Anthony Jenkins, the former chief executive officer of Barclays, said banks could become irrelevant if they fail to keep up with new fintech technologies, according to CNBC . He said digital ledger technologies offer efficiency savings between $80 billion and $100 billion.
Jenkins, who was ousted from Barclays in 2015, created 10X Future Technologies in 2016.
He said financial services will experience a 50% decline in branches and staff in the next 10 years. He said we are “at the end of the beginning” of a revolution in financial services where fintech is too narrow a characterization of what is happening.
It is possible that a “Kodak moment” is occurring in which banks become irrelevant to customers, Jenkins said. He said banks must act quickly to avoid this. He said they have to think about doing things that are radically different.
Jenkins in 2015 warned that banks faced an “Uber moment” on account of new technologies.
Cryptocurrencies like bitcoin and artificial intelligence are just the beginning of a new transformation in banking, he said. The banking system, using blockchain, will be transformed in a way that they will no longer really exist.

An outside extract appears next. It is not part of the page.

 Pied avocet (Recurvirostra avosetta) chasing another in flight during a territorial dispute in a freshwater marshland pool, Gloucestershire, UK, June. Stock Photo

In a 2015 speech at Chatham House, the Royal Institute of International Affairs in London, an independent policy institute, Jenkins said the fintech sector must be disruptive, meaning it needs to dramatically improve the customer experience. He said fintech would need to see a “ten-fold” increase of the customer experience currently provided by the traditional banking system.
Secondly, technology must power the service and be at its core, he said. And thirdly, there must be a ubiquity to it.

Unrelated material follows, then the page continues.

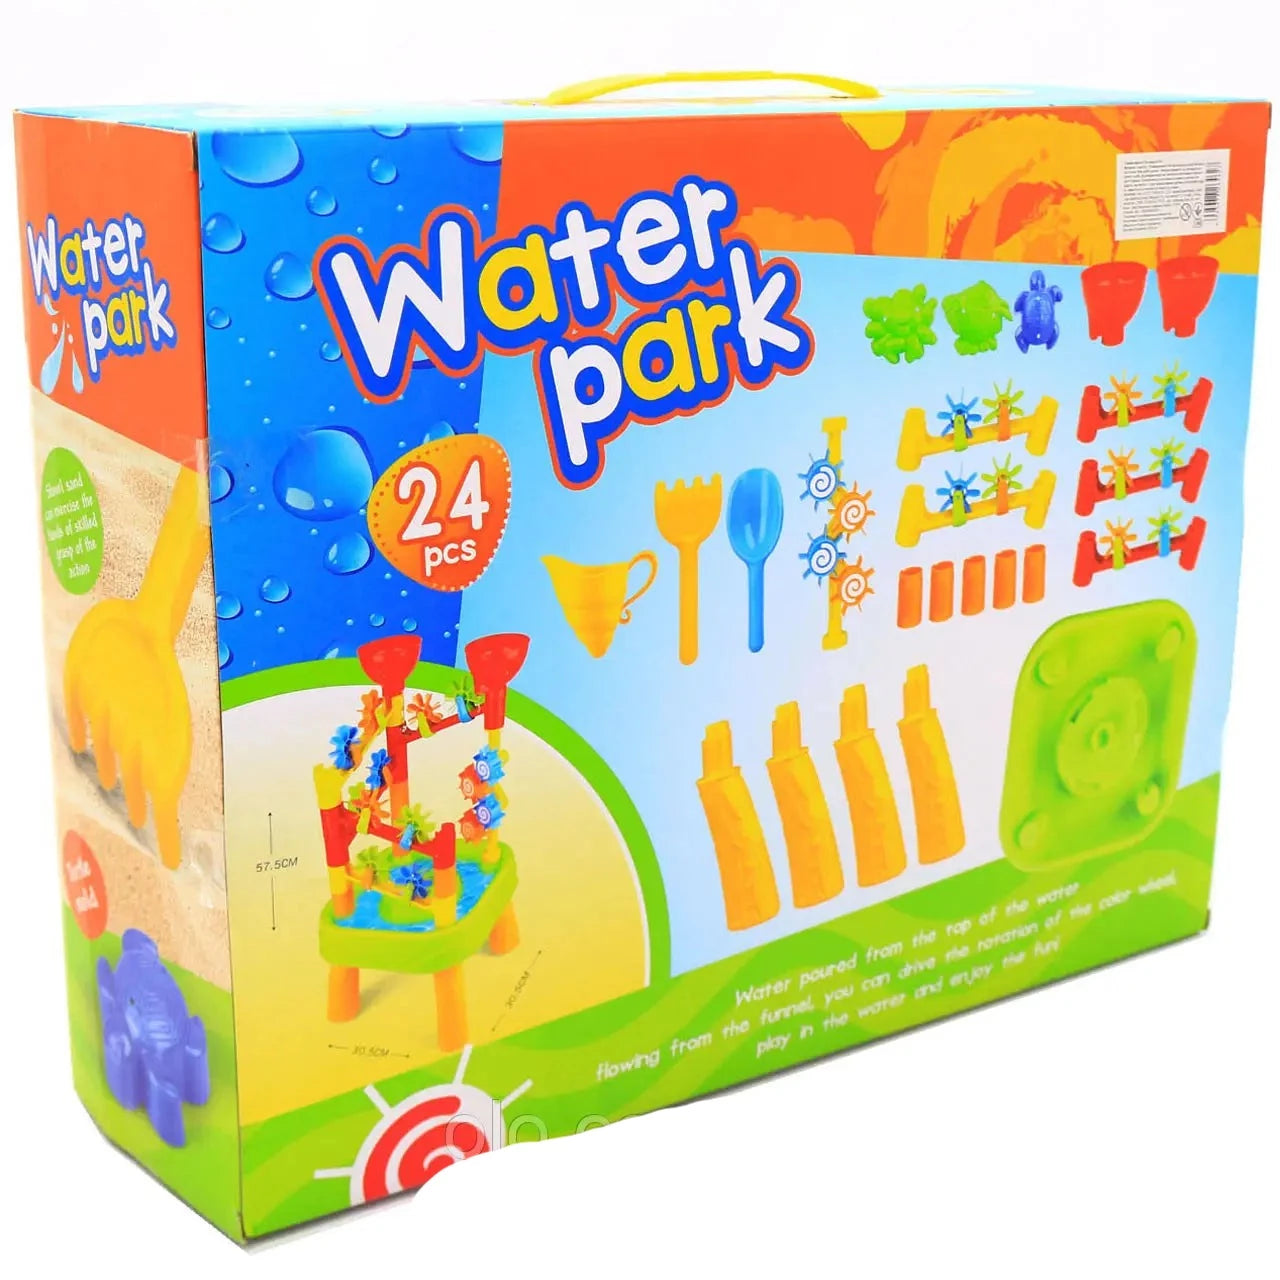 Water Park & Sand Play Activity Table-979A

The current fintech climate resembled the first iteration of the industry or, as he calls it, fintech version 1.0. “There is really not that much tech in many fintech companies,” he said, citing that most payments still ride with the traditional banking system, among other examples.

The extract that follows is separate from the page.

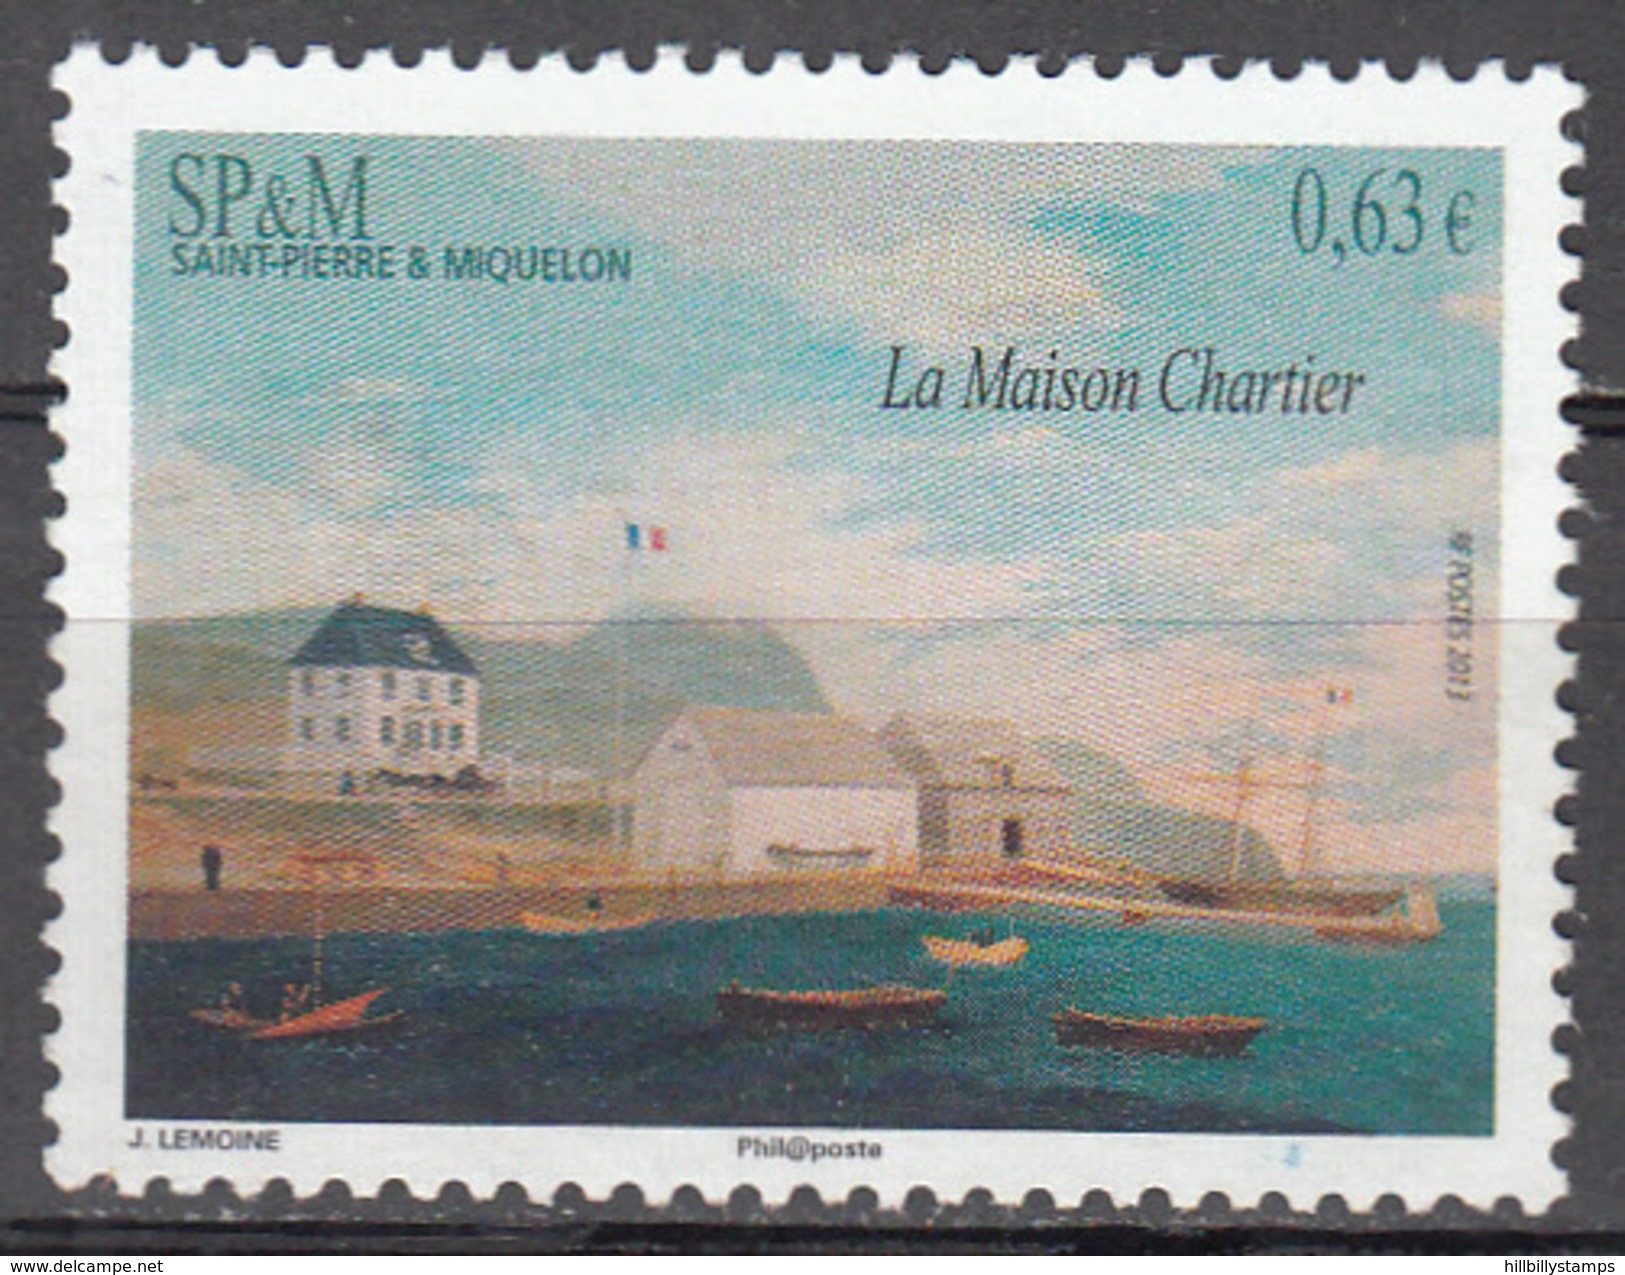 ST. PIERRE AND MIQUELON       SCOTT NO.  967     USED       YEAR  2013 - Usados

Oliver Bussmann, former chief information officer of UBS, said echoed Jenkins’ recent remarks in saying blockchain is transforming finance by eliminating the need for middle men. He said a new business model is evolving that is decentralized. This change, he said, has been introduced as an equity. One sign is that startups are using cryptocurrency to secure funding and use it as a currency to provide and get paid for services.
Bussmann said there is a different incentive being established today that did not previously exist.
Jenkins and Bussmann both recommended open banking platforms that allow third parties to manage finances, blockchain technologies like cryptocurrencies and artificial intelligence, and recruiting for experts in these areas.
New European Union regulations will require bank customers to be able to use third party, non-banking firms to enact payments and gain access to customer data. The Revised Payment Services Directive (PSD2) takes effect in 2018. Some have argued this could result in millions of revenues lost should companies like Amazon become payment service providers.